Question

function BigObject() {
  var a = '';
  for (var i = 0; i <= 0xFFFF; i++) a += String.fromCharCode(i);
  return new String(a); // Turn this into an actual object
}

// iife 1 / window gets compressed into w
(function (w, $) {
    var x = new BigObject();
    $("#foo").click(function () {
      w._gaq.push("foo");
    });
})(window, window.jQuery);

// iife 2 / window reference left global
(function ($) {
    var x = new BigObject();
    $("#foo").click(function () {
      window._gaq.push("foo");
    });
})(window.jQuery);

Given my minimal understanding of garbage-collection and how items are held in memory, it seems like 1 might cause some memory issues when compared with 2. More of an academic question at this point than an actual bottleneck... Ball help?

Was it helpful?

Solution

You're thinking of garbage collection backwards. Broadly speaking, things are marked as garbage when you can't trace from a root to them.

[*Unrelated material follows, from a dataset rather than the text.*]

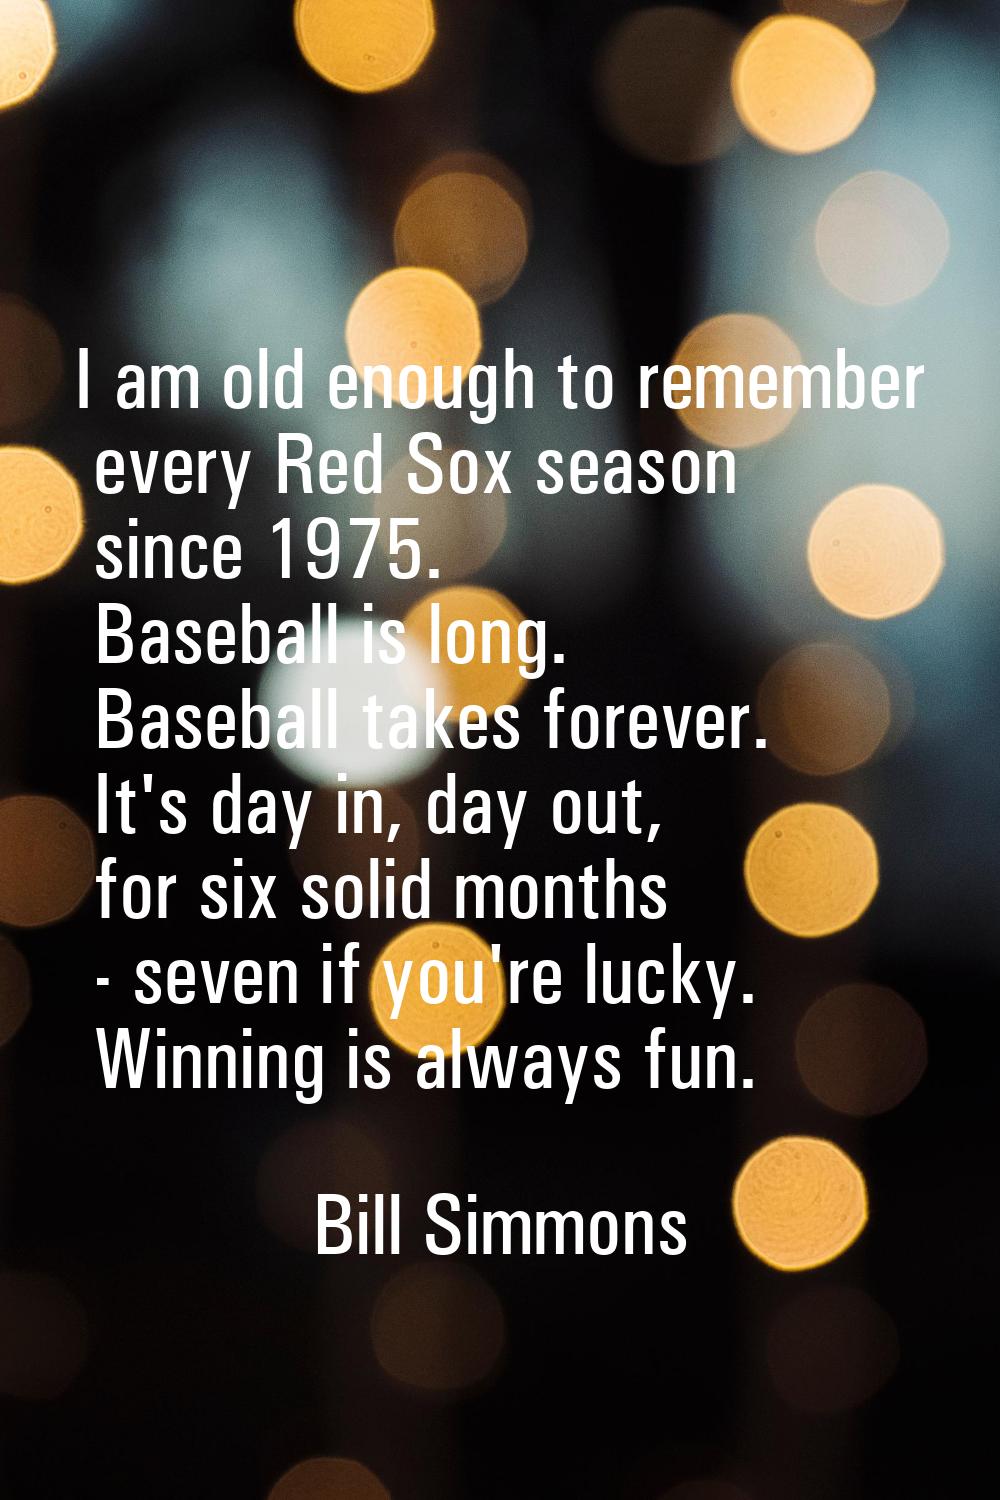 I am old enough to remember every Red Sox season since 1975. Baseball is long. Baseball takes forev

Having a local reference to the global object does not mean the global object has a reference to you, so it doesn't affect the lifetime of anything.

OTHER TIPS

If you were to do this the other way:

(function (w) {

    var name = "bob",
        obj1 = { a : 1, b : 2 },
        obj = (function () {
            var a = obj1,
                return { items : a, getName : function () { return name; } };
        }());

    w.thing = obj;
}(window));

Now you're running into garbage-hindrances. Window has a reference to obj. Obj has a reference to obj1, and has a function with a reference to name...

...so none of the stuff inside of either of these closure is garbage-collectable, until the program has absolutely no references left of window.thing.